Protect rights, create law and order, and let markets get to work in
delivering and allocating goods and services. (emphasis added) The stories I've heard
about the looting and lawlessness there, similar to Katrina, show how
the government is failing to do it's basic job yet again. After
Katrina not only did the government fail at this job, but then it also
infringed on the market's ability to work--a double whammy."Emily Chamily-Wright replied: "The theme we ought to hit is "what can outsiders do to tap the capacity of civil society?". This advice is rather general and abstract, but that is part of the point. Official relief providers can extend their effectiveness by identifying community networks and leaders within those networks that can be the source of local knowledge, authority, and habits of association that can be pivotal to rescue operations, administration of relief and taking the first steps toward recovery.""As the immediate crisis passes, the concern will turn to rebuilding. The challenges of a disaster of this scale cannot (no matter how much outside help may come) be overcome by official forms of help but instead must be met by local citizens. In the context of US disasters the effort to help often inhibits able bodied pioneers from taking the first critical steps toward rebuilding community. Such forms of "help" had a devastating effect in some New Orleans neighborhoods. The citizens of Haiti simply cannot afford to miss opportunities to tap the capacity that is within civil society."When I see the frustration with reporters and the people in the aftermath of the chaos with the inability
of coordinated efforts to deliver food and water to the population I am reminded of a fundamental debate in economics and political economy about planning and coordination. Back in 1990, Patrick Bolton and Joseph Farrell published a paper in the JPE on decentralization, duplicaiton and delay. In the mid 1980s, Sah and Stiglitz had published their architecture of economic systems paper in the AER. Both papers, working from an imperfect information framework, discussed the trade-offs between centralized coordination and decentralized coordination.
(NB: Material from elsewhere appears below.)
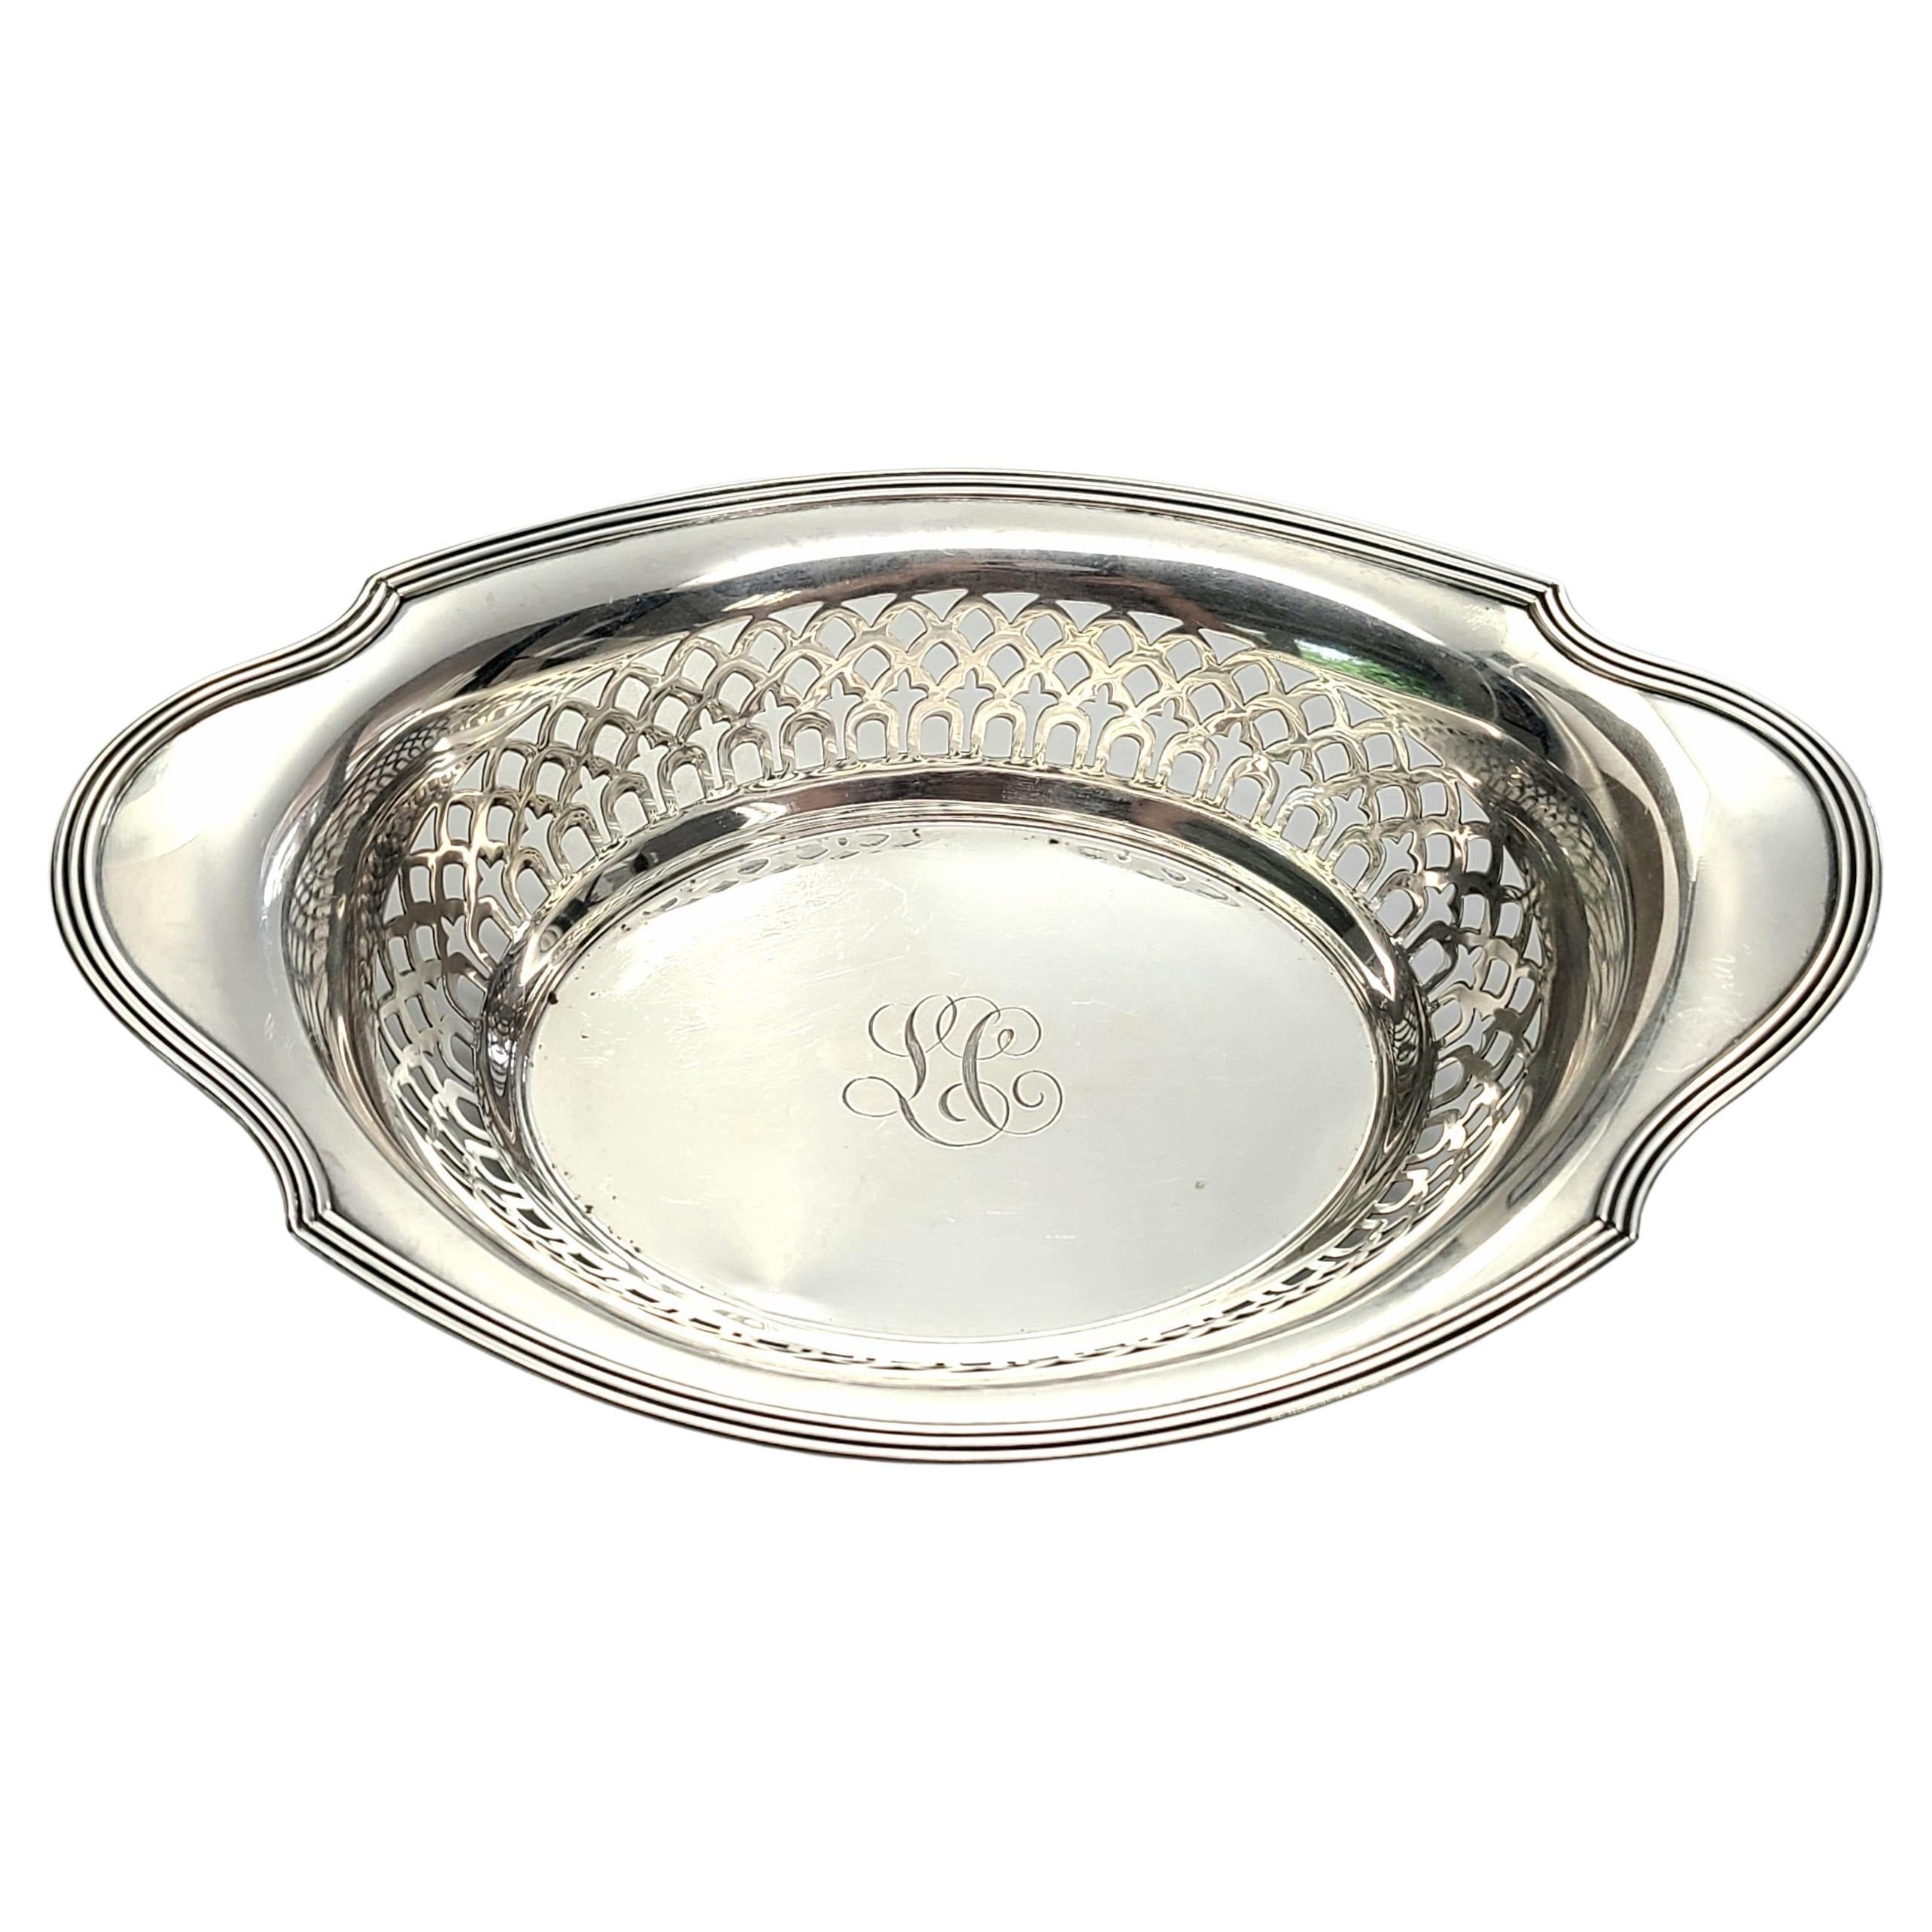 Gorham Sterling Silver Plymouth Open Work Bowl with Monogram

I tried to write a response at the time, but that paper never was able to find a home -- though ironcially it was one of the papers that I wrote at the time that came the closest in the referee process to landing in a major journal. Still the basic insight in that paper was obviously not from me, but from Hayek and strangely enough for someone like me, George Stigler. In Stigler's Memoirs of an Unregulated Economists (the best autobiography of an economist I have read yet), he recounts a story during WWII. Koopmans had written him a letter outraged by the suggestion he had heard attributed to Stigler --- that in the case of a bombing of NYC, we should allow the price system to work to guide the evacuation and allocate resources. Stigler replied that he had not made such a suggestion, but upon reflection he actually thought it was a good idea. He explained that in the immediate aftermath of such a bombing any system would be chaotic, but if there was repeated bombings that the price system would outperform alternatives. And his reasons was that the price system was amazingly risilient and adaptative to changing circumstances.In the years since 1990, and the variety of episodes I have studied from transition economies to development economics to disaster and recovery efforts, I see no evidence that Stigler's thoughts on this should be questioned. The real question is why such brilliant minds in economics as Koopmans and Stiglitz could ever come to an alternative position from Stigler's on the use of the price system to guide resource use in not only normal times, but especially in times of emergency. Perhaps it is time to go back and revisit that response to decentralization, duplication and delay.